The problem is not that God is expendable in that type of messages nor that the proposal is happiness. The problem is that it states as a given that happiness can be a permanent state if the slogans are followed, something that is not empirically verifiable and that generates, instead, frustration, not only because happiness isn’t obtained, but because happiness as an individual project leaves aside the source of genuine happiness, which is love. The latter generates relationship and belonging: to be somebody for someone. The “God with us “is incarnated to call us to be with and for others.

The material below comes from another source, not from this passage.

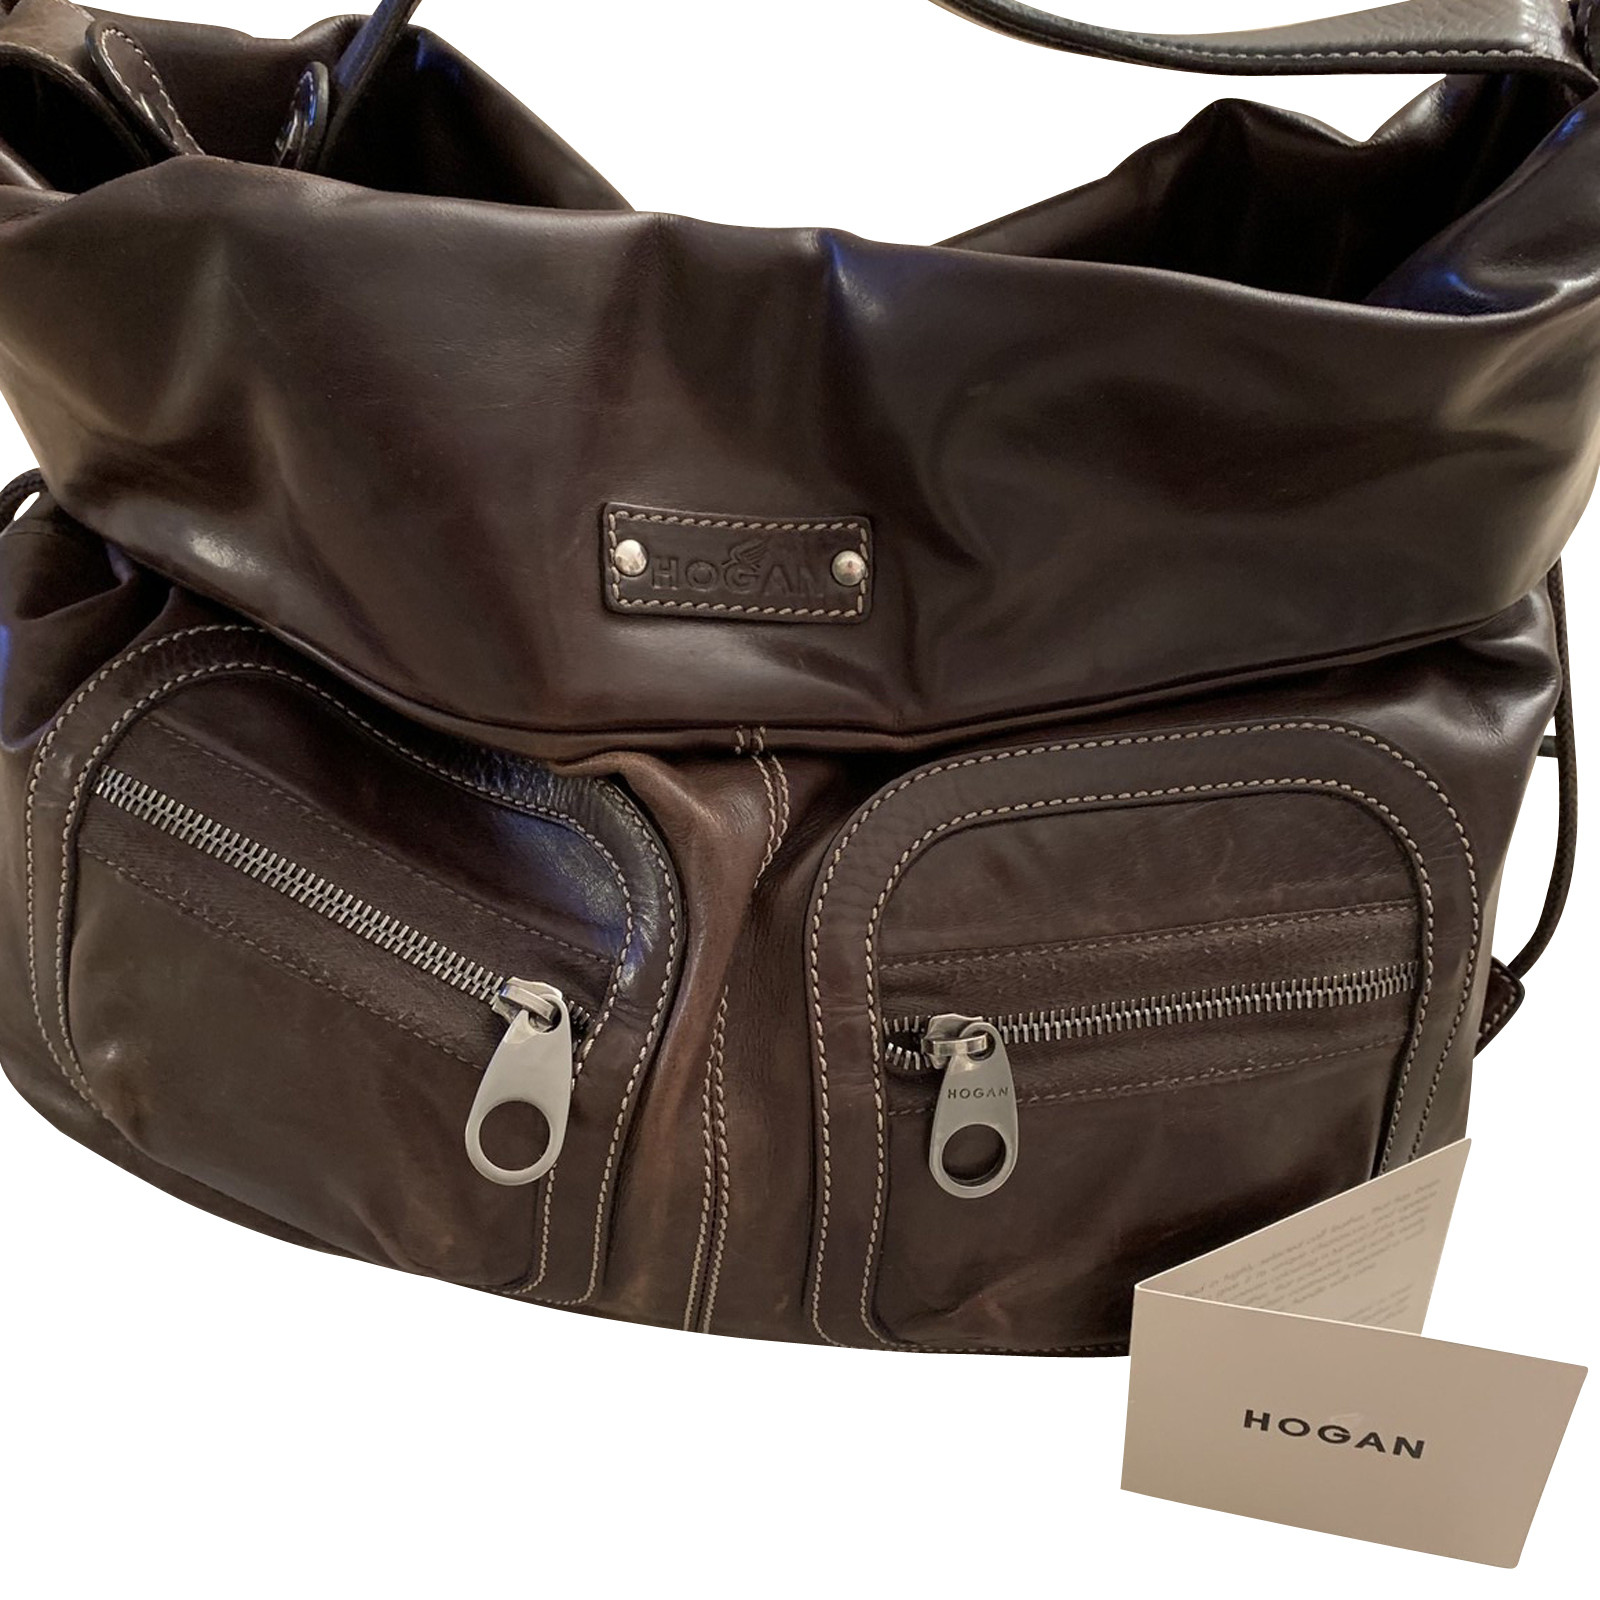 Hogan Shoulder bag Leather in Brown - Second Hand Hogan Shoulder bag  Leather in Brown buy used for 113€ (2545596)

In fact, in our days loneliness is a real plague, which is translated into a “crisis of happiness,” seen in the increase of consumption of anti-depressives and of suicides. When I’m the only one that is important, I run the danger that the relationship with myself is so good that no one else fits in my universe. Being somebody for someone calls for sacrifice, as opposed by the philosophies of the false addresses attributed to the Pope.

Nothing can match the Gospel of the Beatitudes (Matthew 5:3-12) either as a proposal for happiness or as a method. The proposal must be love of others and the method the giving of oneself. However, as Gandhi said to the Christian Association of Young People of Colombo, Ceylon  in 1927: ”If I only had to address the Sermon on the Mount and my own interpretation of it, I wouldn’t hesitate  to say ‘Oh, yes, I’m Christian.” But, in a negative sense, I can say to you all that much of what happens in Christianity is a negation of the Sermon on the Mount.